这才去了几天,已经换成绿绸的缎面裙子,一身穿金戴银,妆面都有了,看着有几分成熟气,她和银屏同岁都是十七岁,银屏看着白净文静,她艳丽张扬一些。
这屋子自从杜从宜来了,她就再没有进来过,乍一进来,都有点恍惚,和她印象里完全不同,房间里的画、摆件,家具和其他的色彩都变的不一样了。
来安皱眉问:“怎么是你来了?”
银朱十分骄傲:“怎么不能是我?我们家大娘子说了,打发我来取月饼。”
杜从宜都没有抬头,依旧坐在罗汉床上,低头看着桌上的单子,连一个眼神都没给她。
仿佛根本没发现进来个人。
来安:“跟我来吧。

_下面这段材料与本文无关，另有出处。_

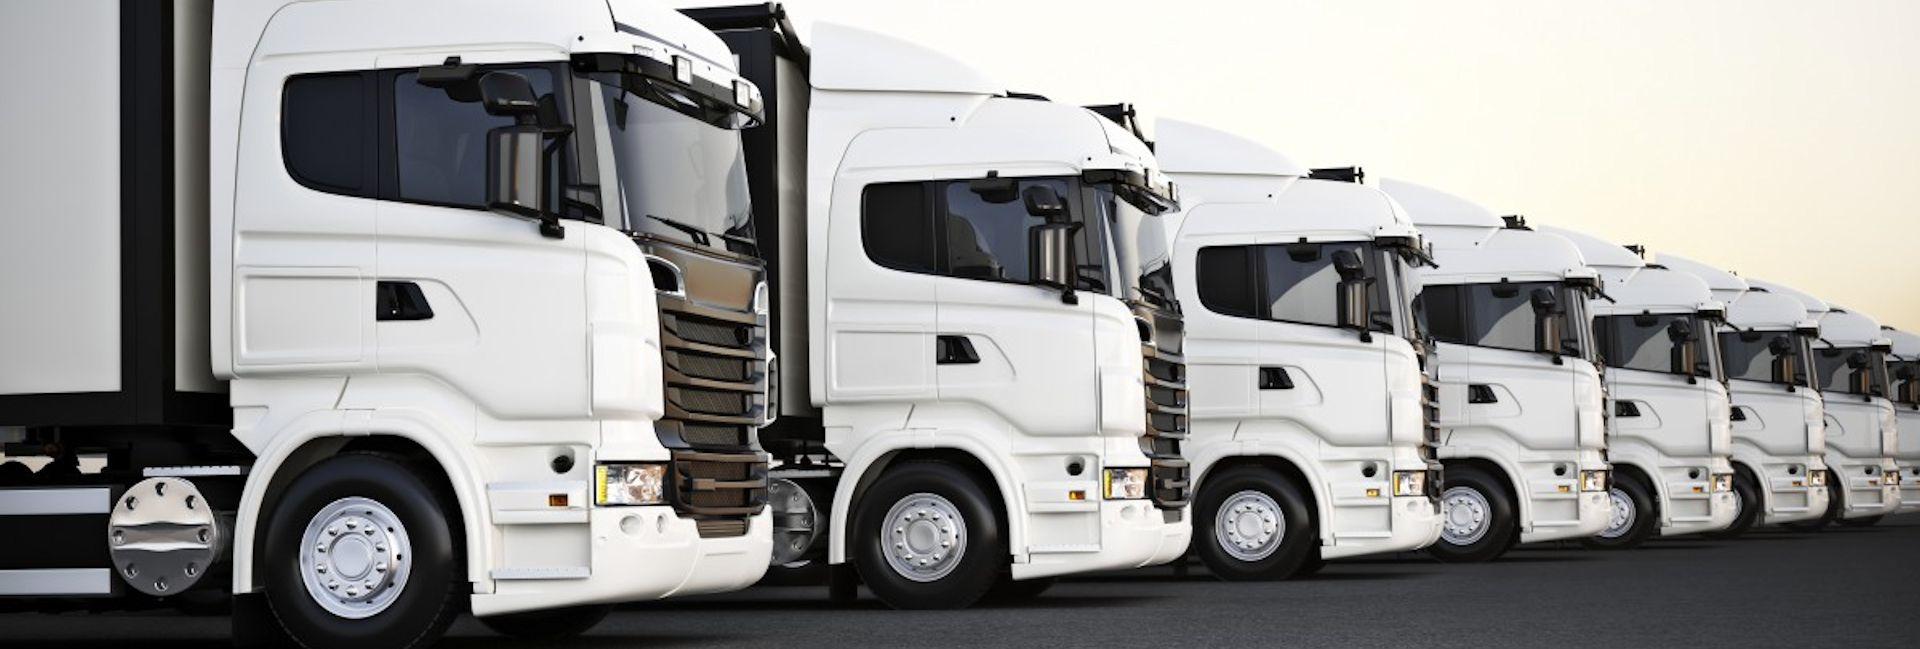 flotta-camion-b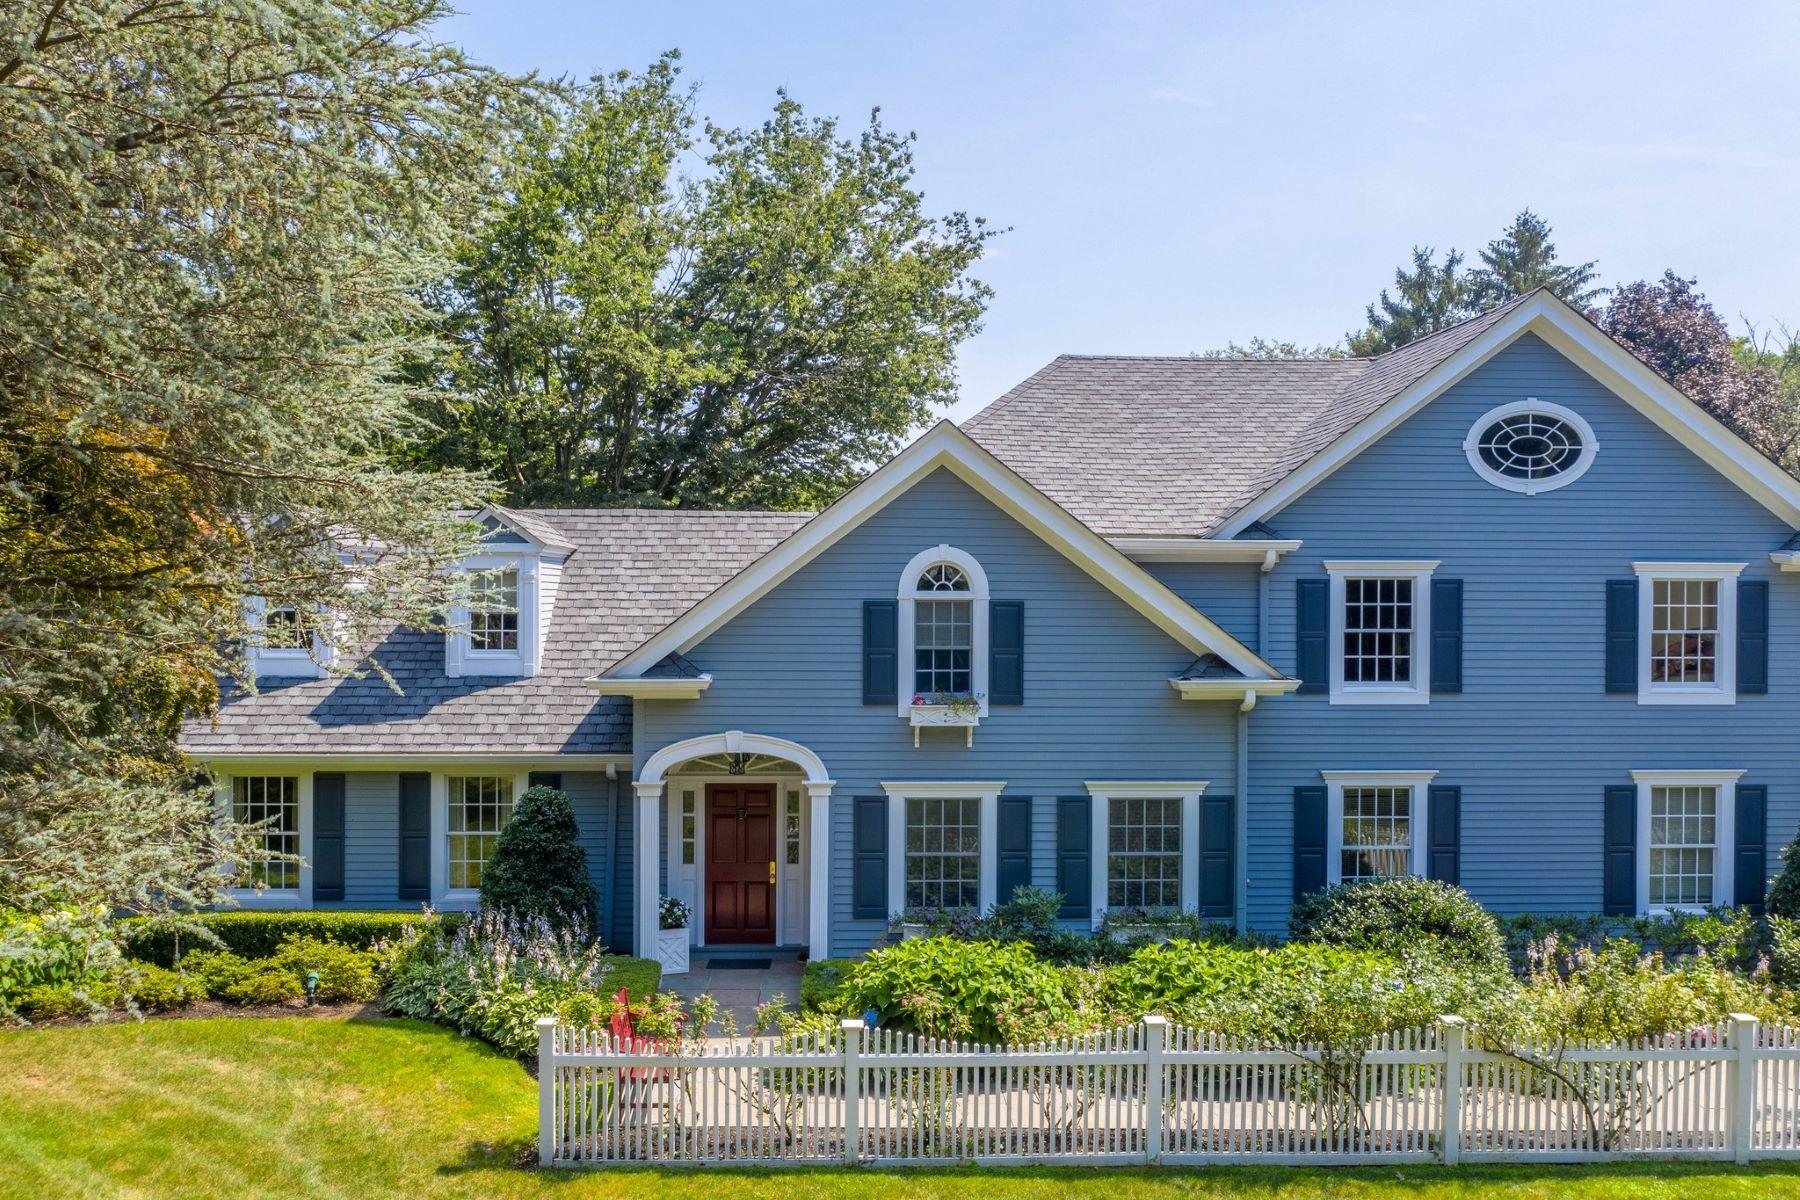 Single Family Homes for Active at Upper Brookville 51 Linden Ln Upper Brookville, New York 11545 United States

”
银屏好不容易进了房间,怎么可能赶紧就这么出去。
张嘴就冲杜从宜说“大娘子果真生的貌美,是奴婢小瞧了您,可您也不能就这么擅妒。一进门,就将我们这些院子里伺候的旧人逐出去,知道的说您家教甚严,善妒。不知道的还以为您心术不正,您说是不是这个?”
来安简直气疯了,死死盯着她,恨不得上气撕了她的嘴。
银朱现在是二房的人,自然有恃无恐,胆子大的出奇,一点都不怕人。
杜从宜笑了下,和云雀吩咐;“你去书房把夫君叫来。”
来安赶紧说:“大娘子,不必会这种小事,交给我就是了,再说五哥还在宴客。”
杜从宜丝毫不生气,依旧和颜悦色;“不打紧,毕竟是自小伺候他的人,让他自己决定吧。”
云雀一走,银朱就有点慌神,大约是没想到她不按常办事。